Faculty from the Departments of Computer Science, Systems Engineering, and Electrical
Engineering are bringing together a diverse set of capabilities to impact the
development, modeling, and evaluation of information-based systems. These researchers
design and build innovative distributed systems; using these to build larger integrated
general-purpose or application-specific systems; and support the development of
appropriate software and information systems to analyze the performance of these
and other mainstream information-based systems.
VINTLab, the Virginia Internet
Engineering Laboratory, provides students with realistic, hands-on experience
with networking hardware and software. The goal of the VINTLab effort is to graduate
students who can maintain, update, improve and even redesign future incarnations
of the Internet.
Researchers have built a multicomputer, Centurion, that
is composed of over 400 commercial, off-the-shelf processors. Centurion is capable
of delivering 400 gigaflops peak performance.
Legion is a companion software
system that supports very large applications running on Centurion or on geographically
distributed, heterogeneous computers. Legion assures scalability, fault tolerance,
security and site autonomy.
The Departments of Computer Science and Electrical
Engineering established a jointly administered B.S. degree program in computer
engineering, which the state recently approved.
Faculty in several departments
explore solutions that will lead to more survivable information-intensive systems.

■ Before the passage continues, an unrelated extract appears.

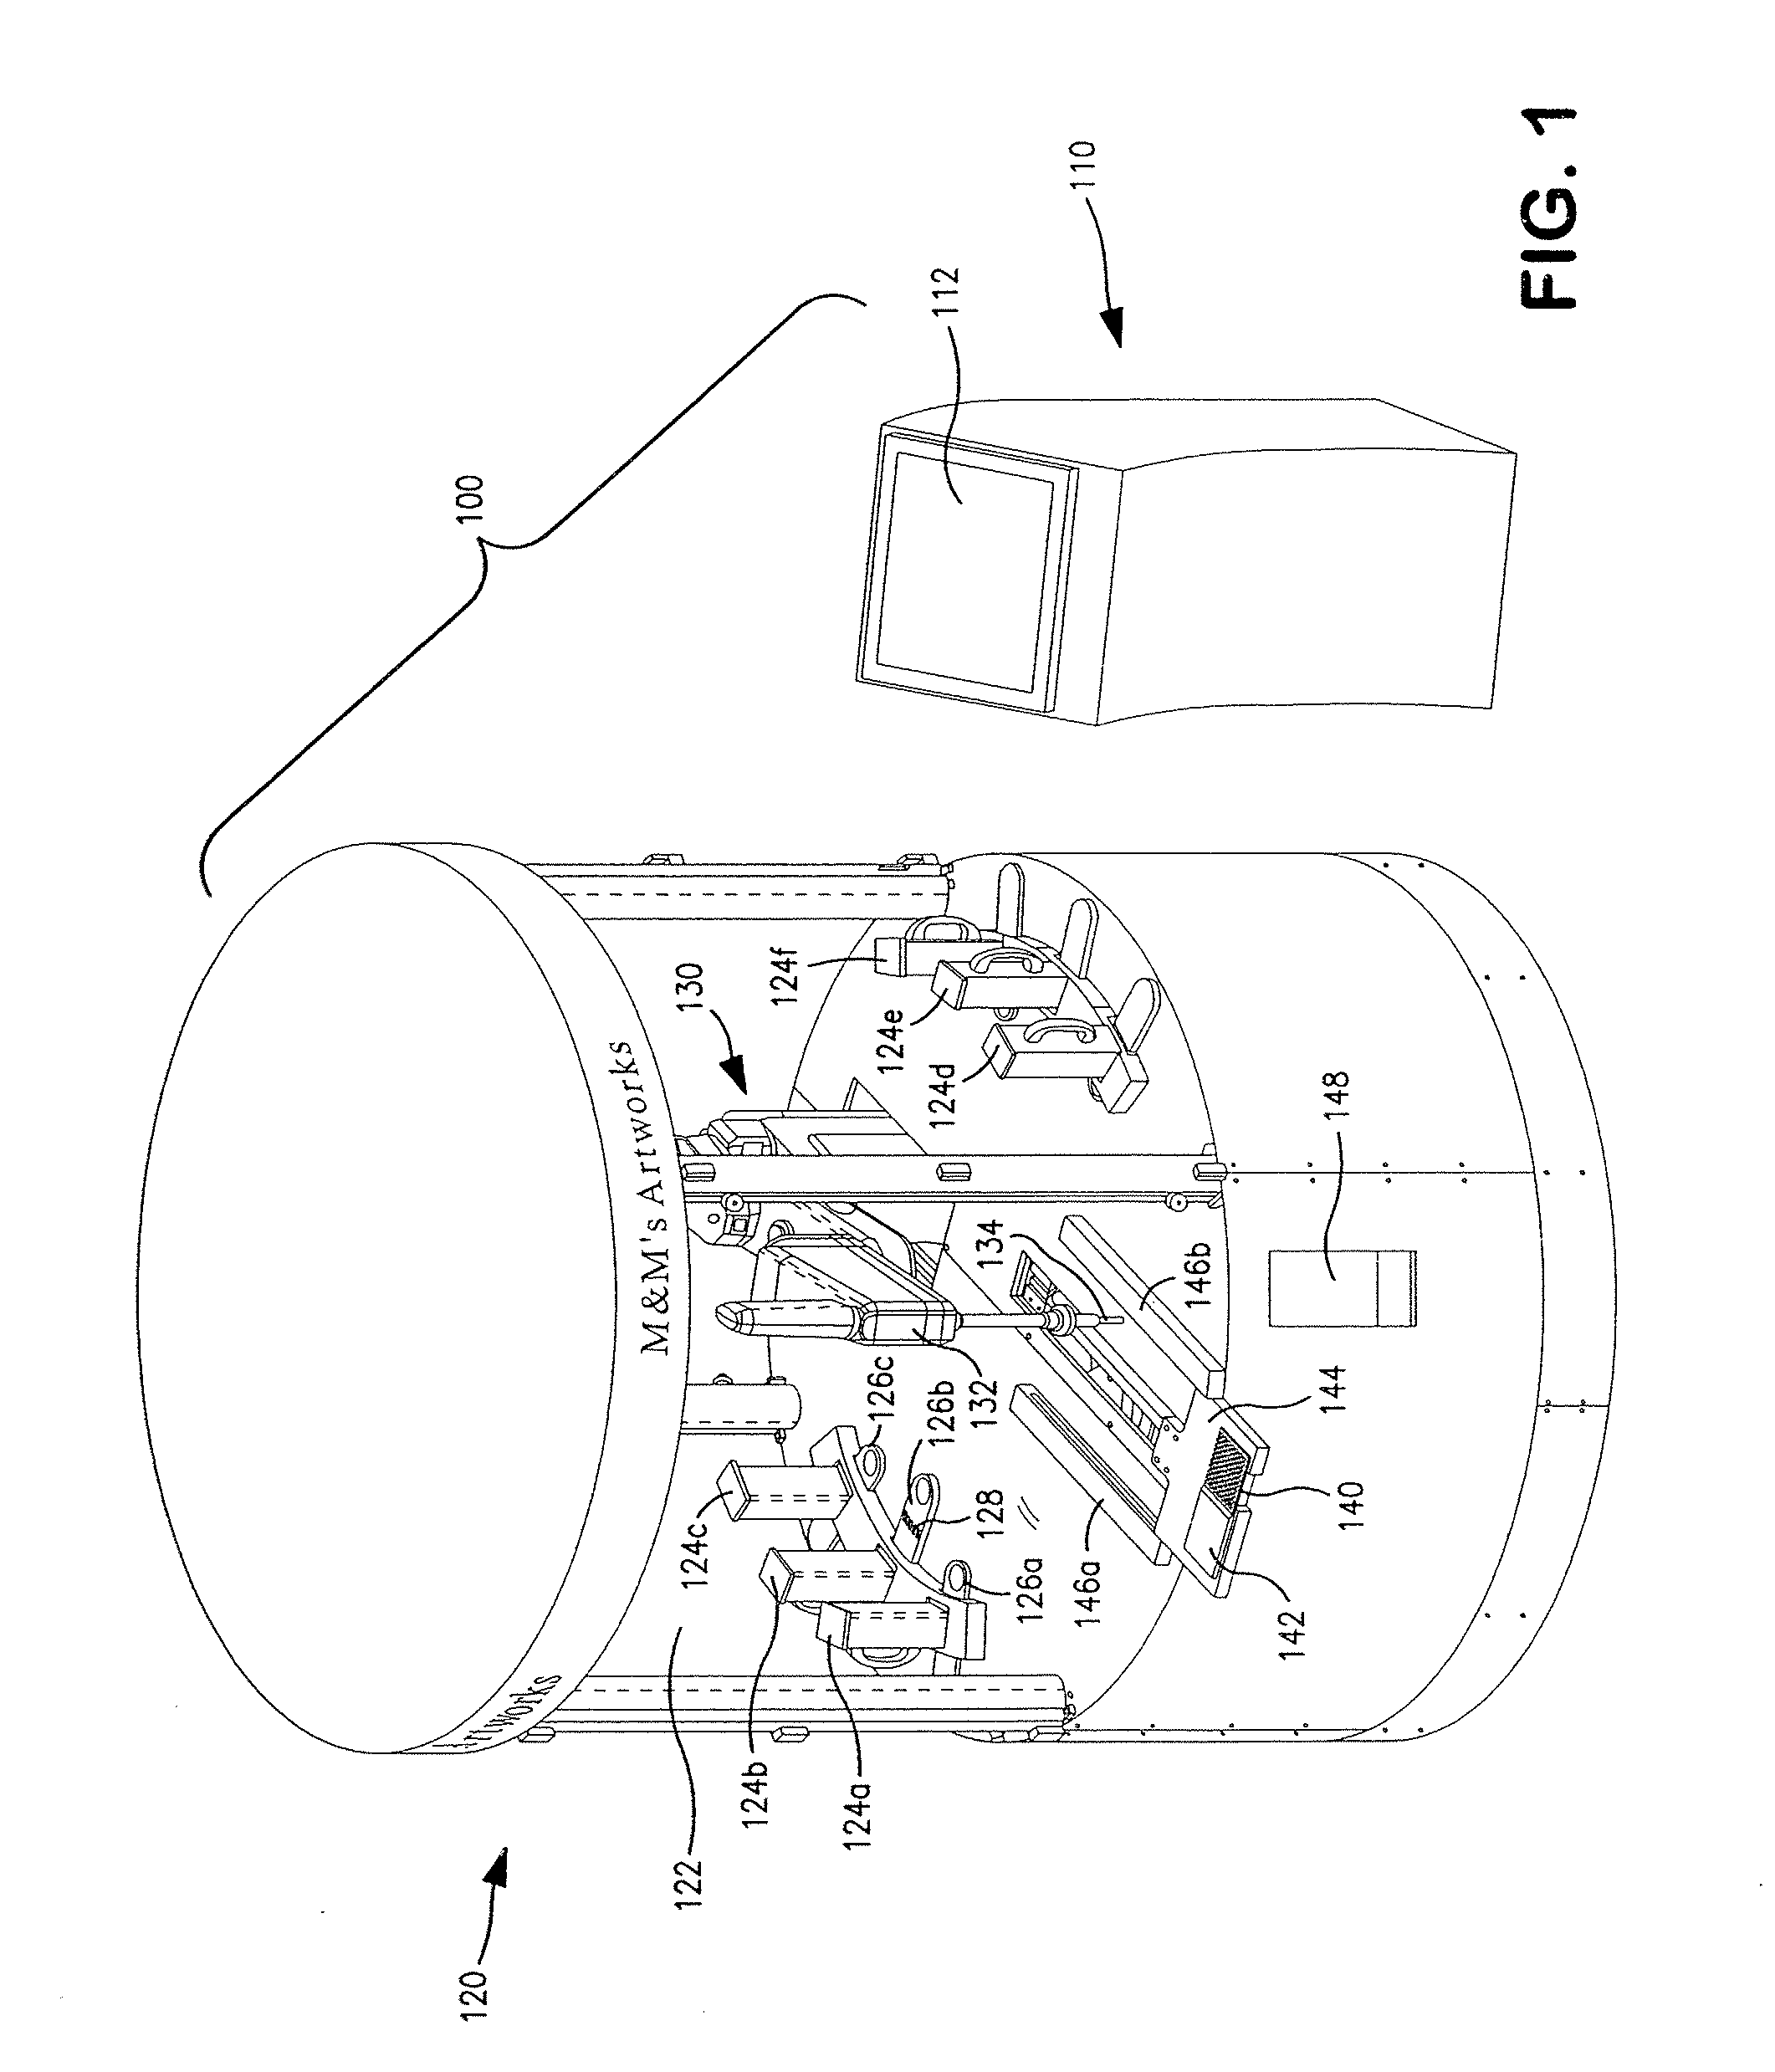 System and method for designing and producing confectionary arrangement

We develop techniques to manage risk, assure code safety, and to analyze infrastructures
and systems such as those for water, electric, railroad, transportation, law enforcement,
and other safety-critical infrastructures.
Sustaining intelligent human-computer
interactions require new techniques such as the ability to animate synthetic characters
in graphical environments, to use human gaze to guide what is processed and presented
to the user, and to render very large geometric datasets.
New services offer
through databases, multimedia networks, and ubiquitous embedded computers pose
fundamental engineering problems in the storage and retrieval of data, sustaining
service quality, and integration of computation into functional objects.